# 5 failed icsi then a natural BFP then miscarriage, do I keep going?



## Abby22x (Jan 6, 2017)

Hi ladies,

I'm looking for some advice.​ As most of you know I had a natural BFP a couple of weeks after a laproscopy that came back clear. I got to 5 weeks before I discovered my HCG was dropping. 

I'm now trying to decide whether it's either a good sign that I got pregnant straight after the lap and it's worth continuing treatment/trying with my own eggs or alternatively is the reason the pregnancy ended because of a greater underlying issue with chromosomes/rubbish eggs and that's why it's never panned out?
I had a chemical with my first IVF then 4 BFNs. I was diagnosed with NK cells and sticky blood after the first three attempts so have been on steroids/clexane and progesterone. They say my embryos are good quality although I never have any to freeze and I have low AMH but always get 10 eggs retrieved. I'm 34 - do I keep trying? x


----------



## Teeinparis (Sep 15, 2013)

I have few questions. 

1.  Do you do a scratch normally before your cycles? 

2.  Do you have a partner?

3.  Would you regret not trying again in 1 or 2 or 5 years?

4.  Did you do any of the  pred/clexane after the natural BFP?  Also perhaps progesterone?

xoxo


----------



## Abby22x (Jan 6, 2017)

Hi there, yes I'm married and we had the scratch the last 3 attempts. On the natural BFP i was already on aspirin (when I discovered I was pregnant) and the Lister told me to start clean, steroids and progesterone. I started spotting a few days later and I worried that the clexane and aspirin was too much together? Or that my progesterone was too low! x


----------



## Abby22x (Jan 6, 2017)

Hi there, yes I'm married and we had the scratch the last 3 attempts. On the natural BFP i was already on aspirin (when I discovered I was pregnant) and the Lister told me to start clean, steroids and progesterone. I started spotting a few days later and I worried that the clexane and aspirin was too much together? Or that my progesterone was too low! x


----------



## Teeinparis (Sep 15, 2013)

Ok - so it wasn't that the Lap was the silver bullet as you have had a scratch.  
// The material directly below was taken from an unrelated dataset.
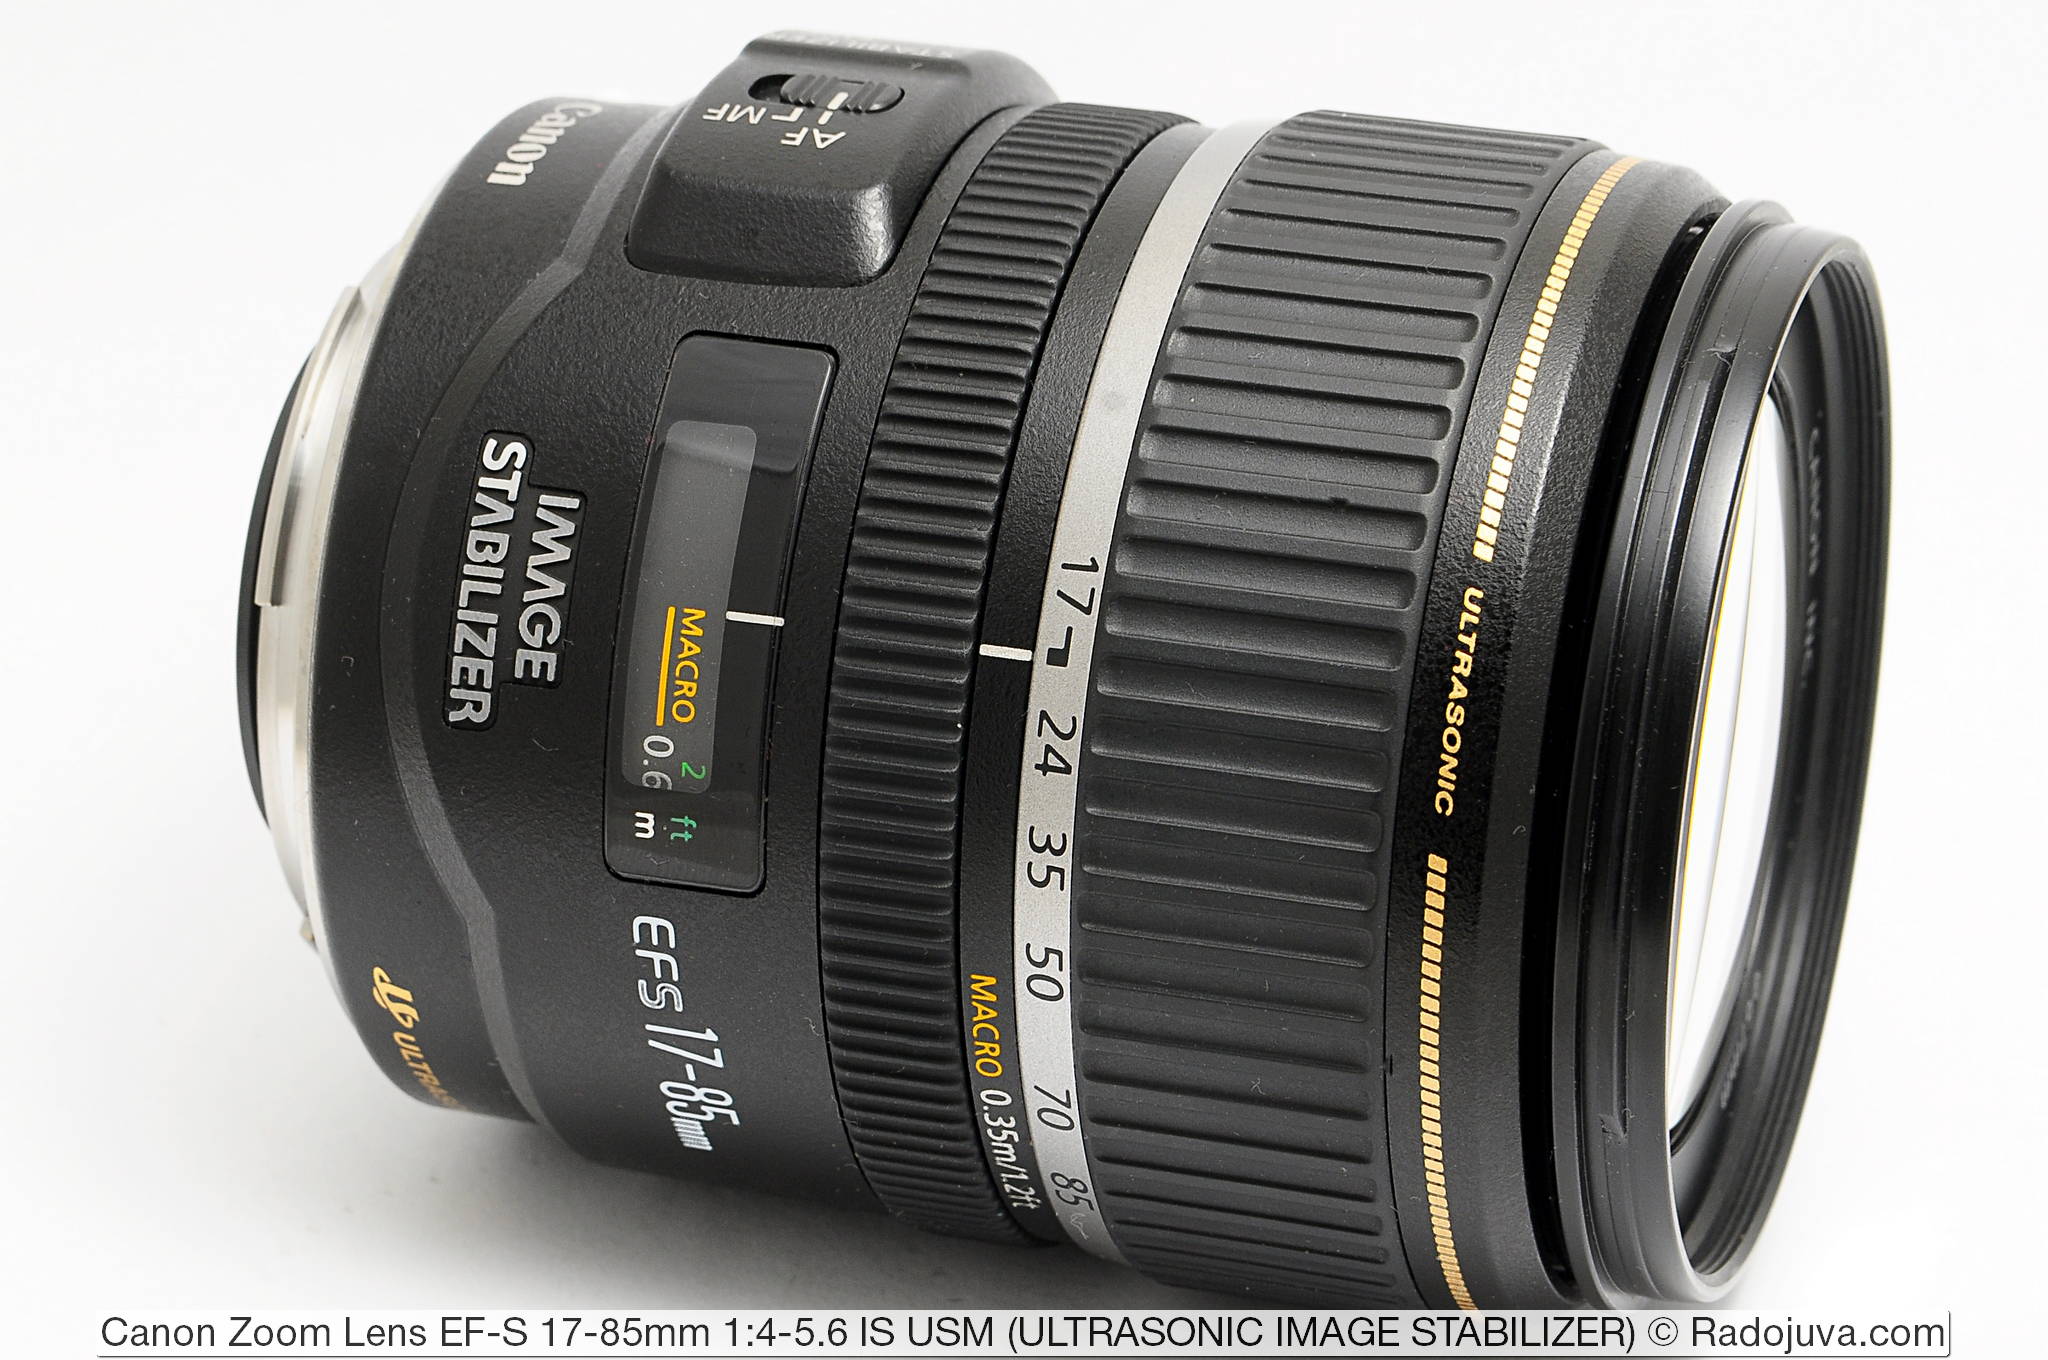 Canon Zoom Lens EF-S 17-85mm 1:4-5.6 IS USM

What does your partner think?

My guess is progesterone!  

My advice depending on what the Lister says - is try the Zita West Eat yourself Pregnant for three months.  Get your self good ready and healthy for another cycle in three or four months with supplements, aspirin etc.  Then try in the process.  Every other day sex!!!  

Then if you get a BFP again (which you may) go in to the Lister straight away for immunes and progesterone test!  

The aspirin and Clex do separate things so should be ok!  

Good luck!!


----------



## Abby22x (Jan 6, 2017)

Thank you - the weird thing was as soon as I found out I had a BFP I took the progesterone (pessaries) clexane and steroids but it's still not helped... But I did wonder if I was spotting whether it was still too low or whether it was just the pregnancy ending.

x


----------



## NAT1DRAGONFLY (Jun 13, 2013)

Hi!

Didn't want to read and run. 

First of all  

It is so hard.......but I think you have a lot of reasons to keep going - as long as you and your partner want to keep going and have the funds to.  

Have you maybe considered - Just sometimes worth getting fresh eyes and ears on you.. 

You can see from my signature have had many cycles and then found ourselves with Serum in Athens last year and haven't looked back since. We had several BFN over in UK and was told possibly had egg and embryo issues and pointed towards donor as only option. Was very much if we didn't fit into Box A or Box B not a lot they can do.  However went to Serum changed to short protocol (always been on long protocol in UK), change of drugs, immunes medication and although ended in BFN had best cycle - hit all our targets - best quality embryos and even two to freeze AA blasts. Following our first cycle transpired issues with uterus which have just had rectified with lap and hyst surgery in Athens - dealing with issues which none of NHS and private clinic in UK picked up on!! 

Definately worth as the lady below says taking time to supplement well and look into supplements which can help with egg quality etc etc i.e.  Co Q10, Melatonine, fish oils etc. 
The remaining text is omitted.